▶ TASK BRIEF
With the pictures set aside, write out all of the data exactly as it stands.

>>>>>

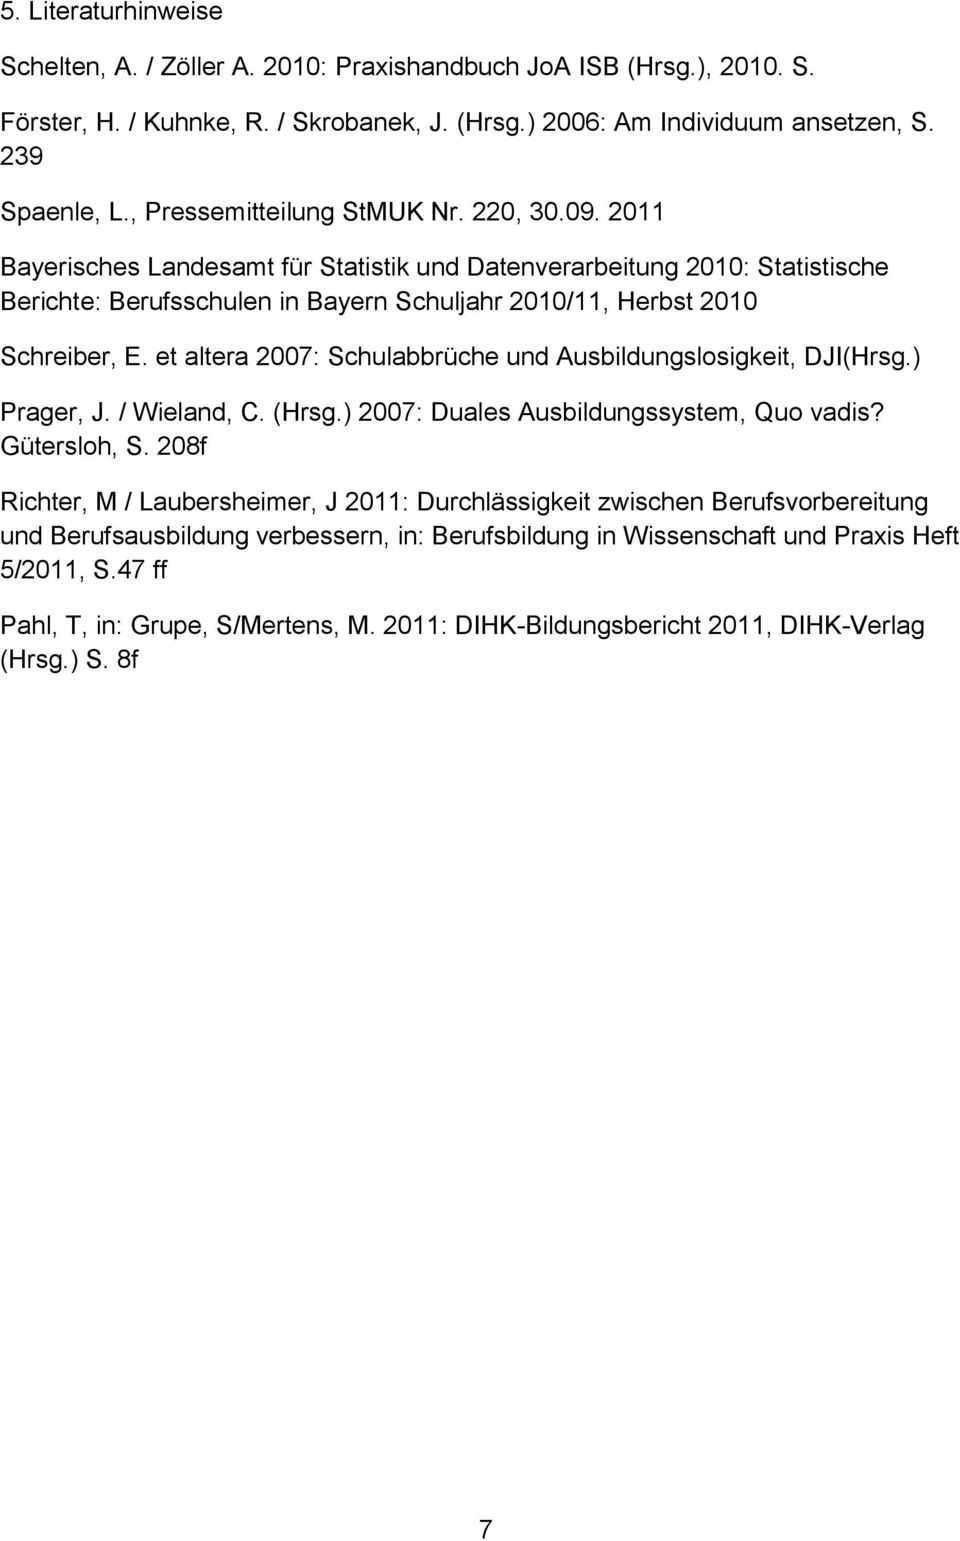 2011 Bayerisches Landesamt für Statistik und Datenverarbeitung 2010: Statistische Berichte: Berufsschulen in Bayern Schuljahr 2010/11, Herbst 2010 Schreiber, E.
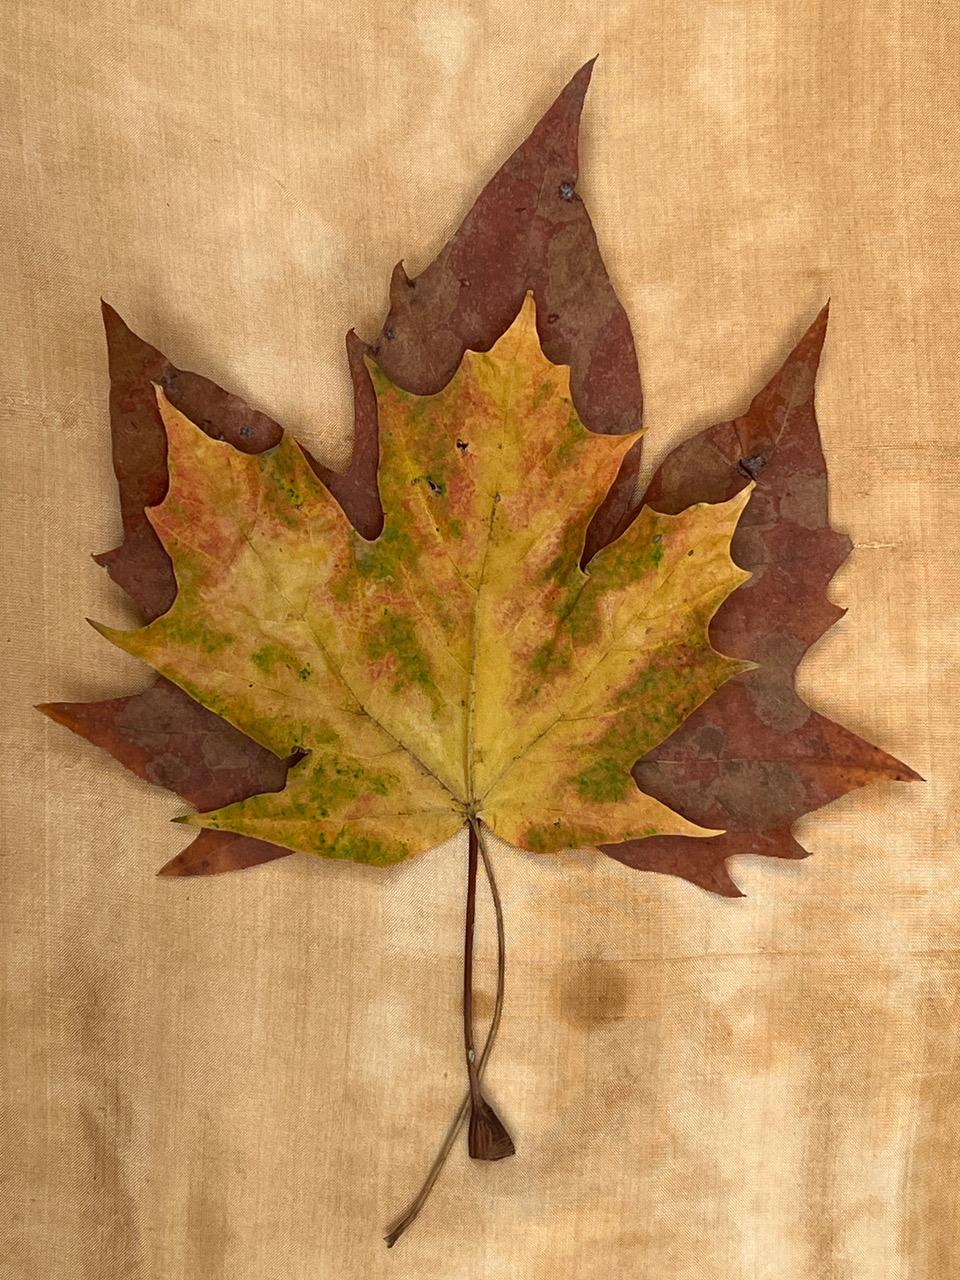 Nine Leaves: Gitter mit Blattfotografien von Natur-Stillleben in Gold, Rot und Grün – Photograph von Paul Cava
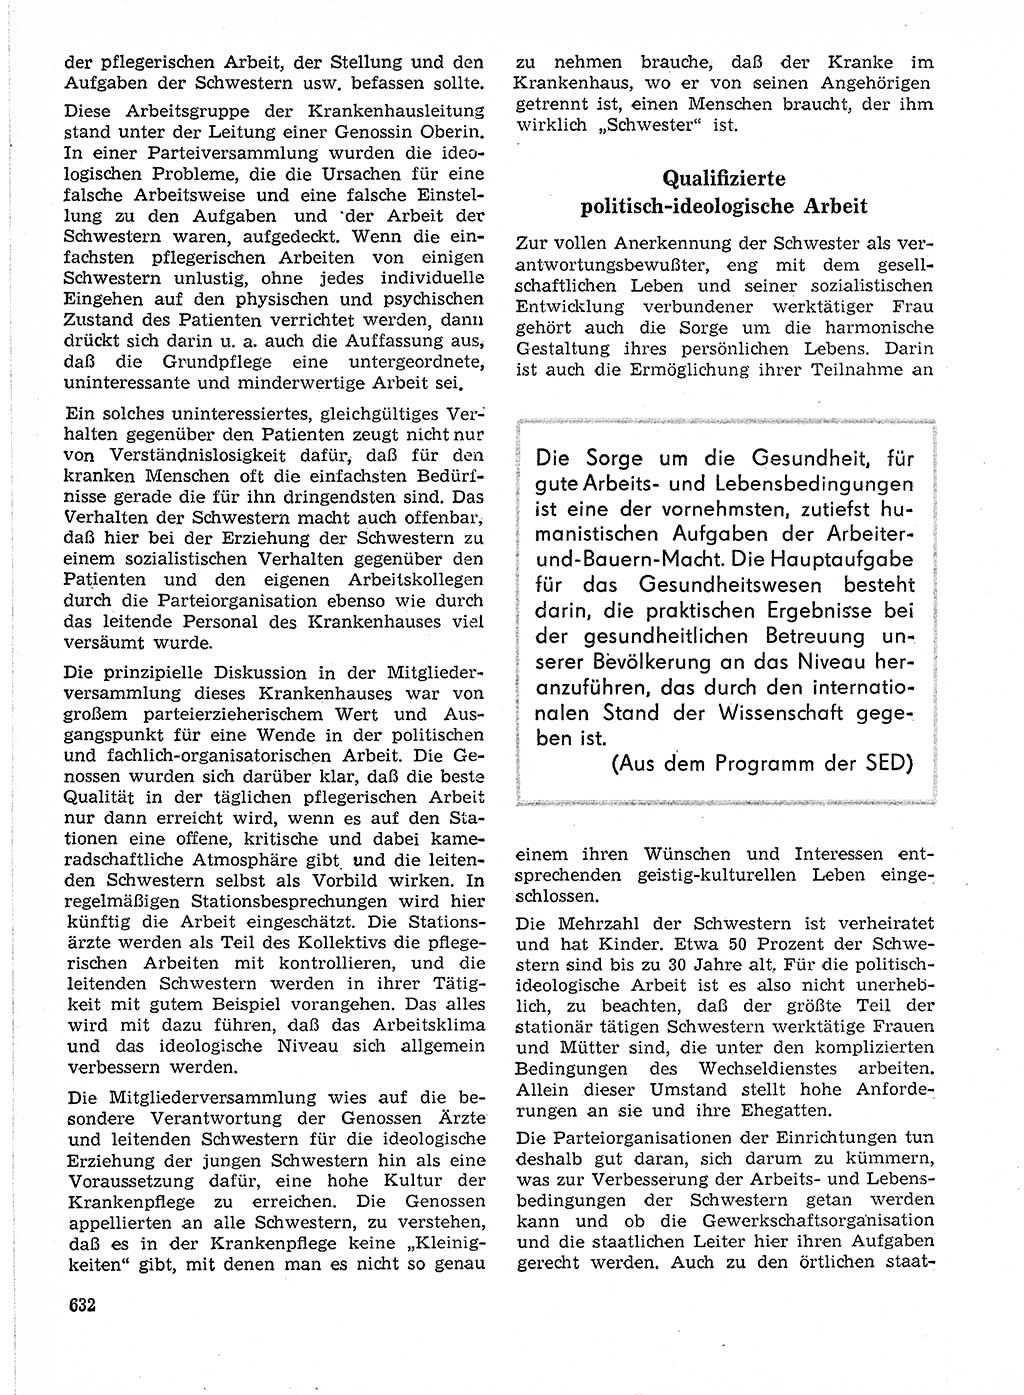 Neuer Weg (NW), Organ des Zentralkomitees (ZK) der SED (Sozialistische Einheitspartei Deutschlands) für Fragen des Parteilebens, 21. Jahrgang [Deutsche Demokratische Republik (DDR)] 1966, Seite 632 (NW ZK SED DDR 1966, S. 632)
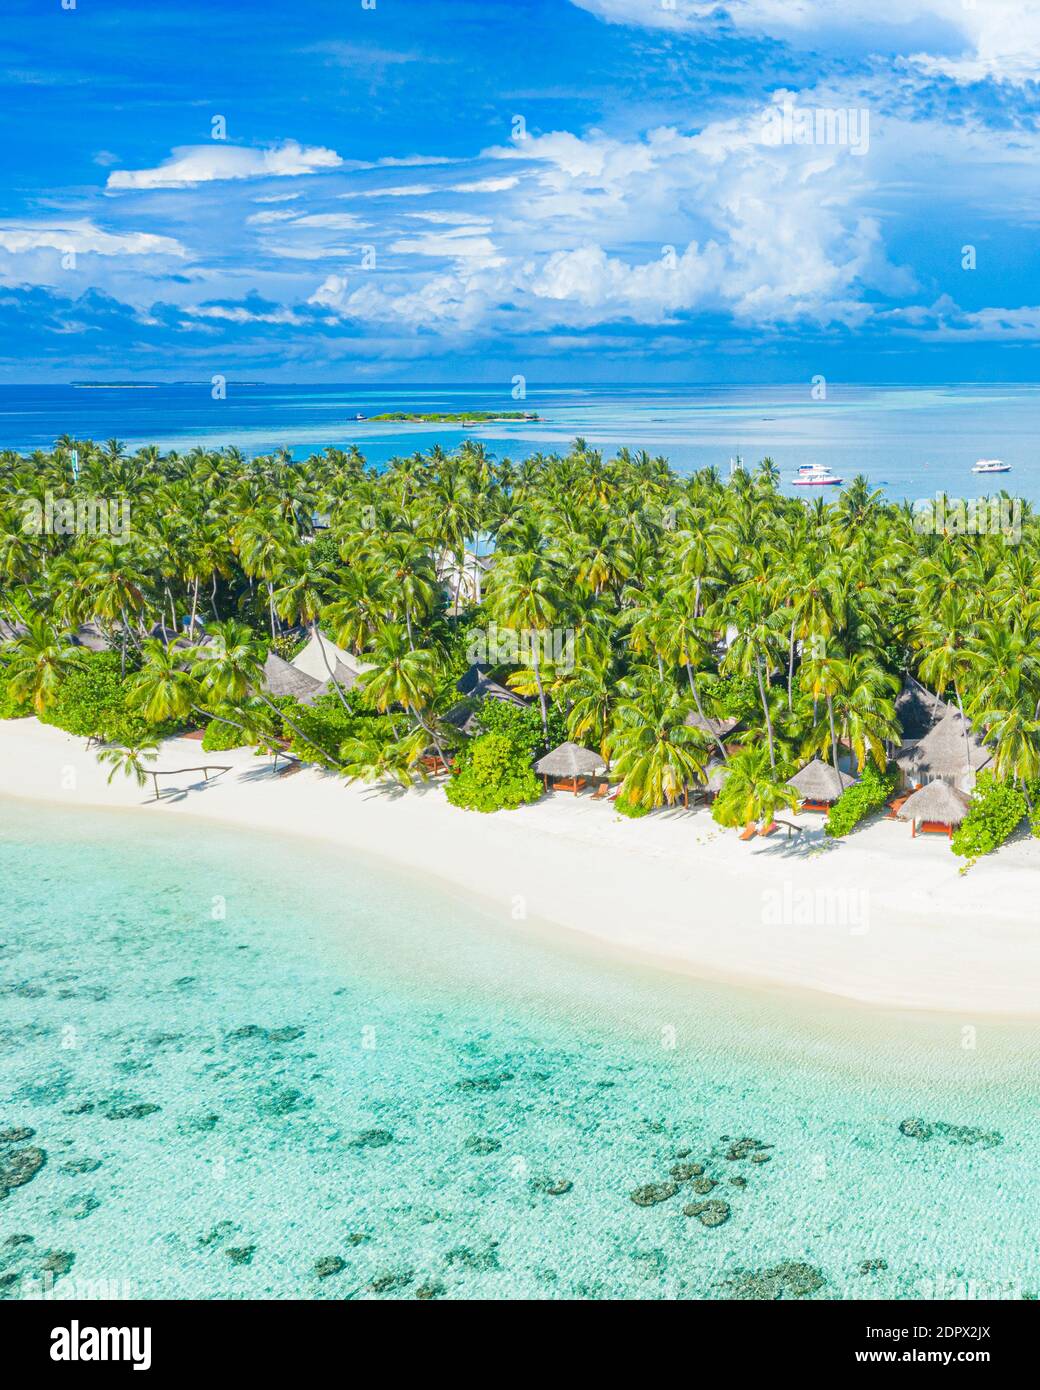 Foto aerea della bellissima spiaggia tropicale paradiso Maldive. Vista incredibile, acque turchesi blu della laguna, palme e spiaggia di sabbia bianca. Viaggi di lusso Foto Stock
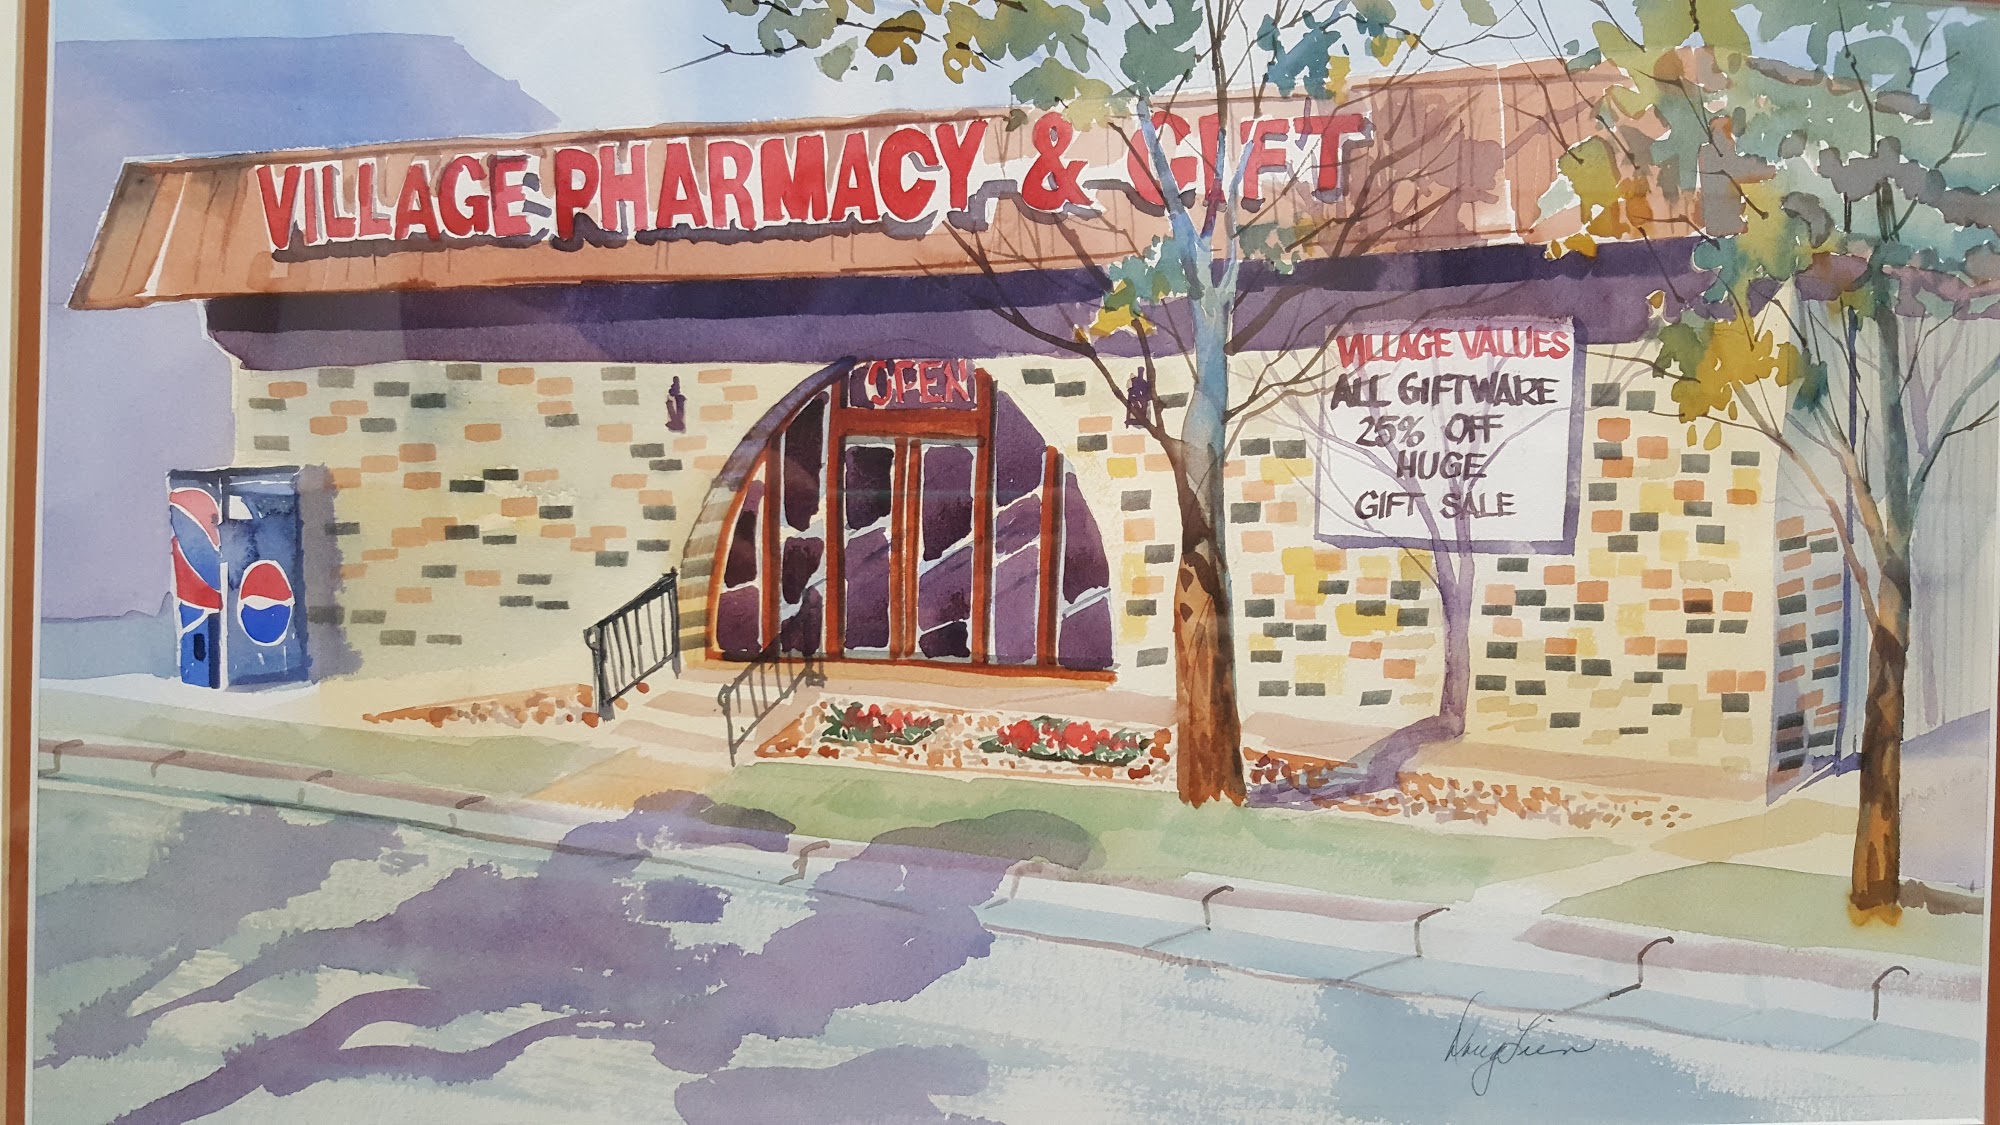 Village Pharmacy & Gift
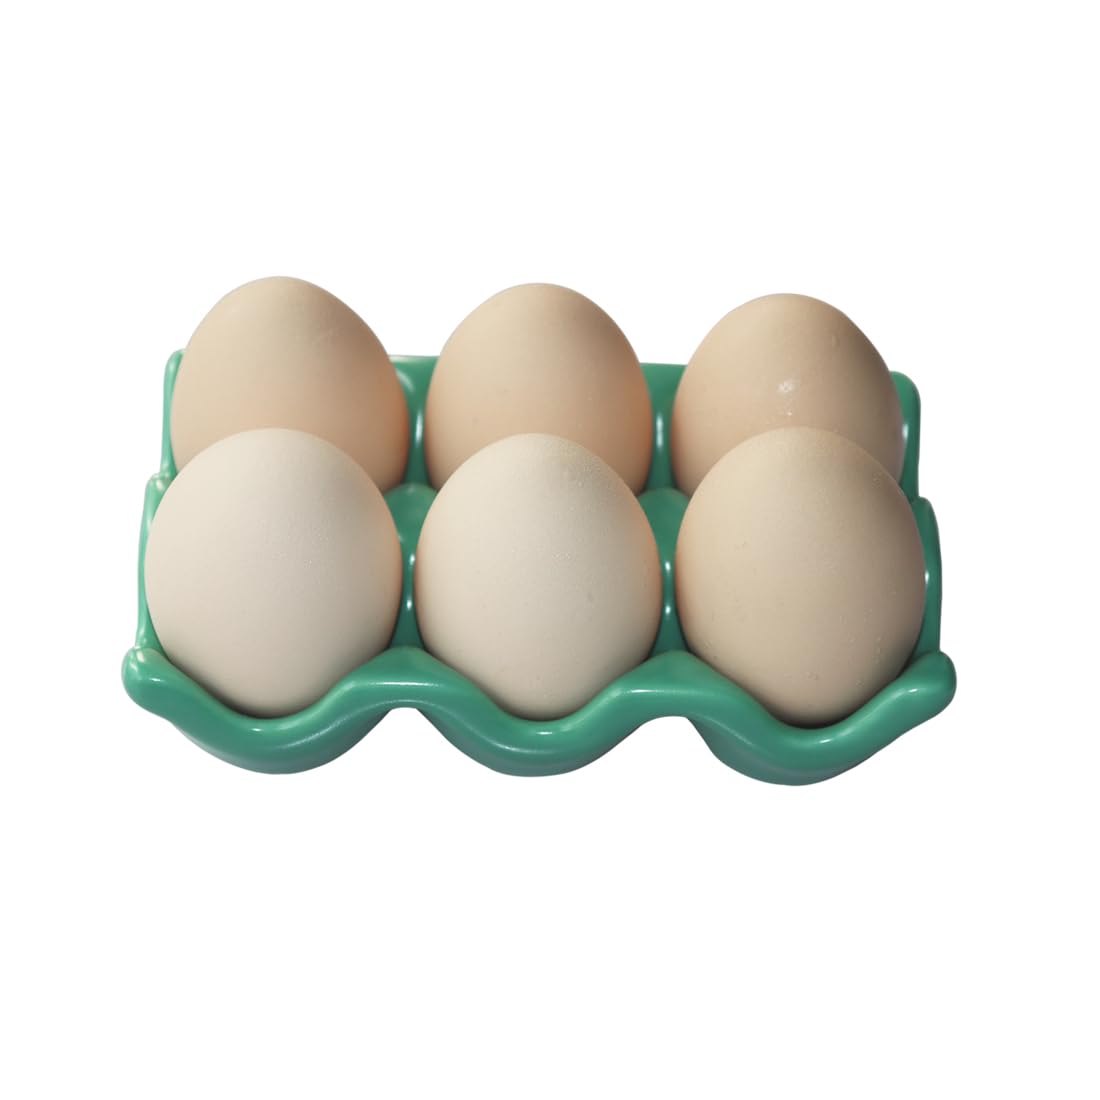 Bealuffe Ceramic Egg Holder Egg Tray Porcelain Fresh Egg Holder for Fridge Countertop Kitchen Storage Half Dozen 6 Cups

<<<<<

▶ RESULT FOR THIS EXERCISE
 2011 Bayerisches Landesamt für Statistik und Datenverarbeitung 2010: Statistische Berichte: Berufsschulen in Bayern Schuljahr 2010/11, Herbst 2010 Schreiber, E.
 Nine Leaves: Gitter mit Blattfotografien von Natur-Stillleben in Gold, Rot und Grün – Photograph von Paul Cava
 Neuer Weg (NW), Organ des Zentralkomitees (ZK) der SED (Sozialistische Einheitspartei Deutschlands) für Fragen des Parteilebens, 21. Jahrgang [Deutsche Demokratische Republik (DDR)] 1966, Seite 632 (NW ZK SED DDR 1966, S. 632)
 Foto aerea della bellissima spiaggia tropicale paradiso Maldive. Vista incredibile, acque turchesi blu della laguna, palme e spiaggia di sabbia bianca. Viaggi di lusso Foto Stock
 Village Pharmacy & Gift
 Bealuffe Ceramic Egg Holder Egg Tray Porcelain Fresh Egg Holder for Fridge Countertop Kitchen Storage Half Dozen 6 Cups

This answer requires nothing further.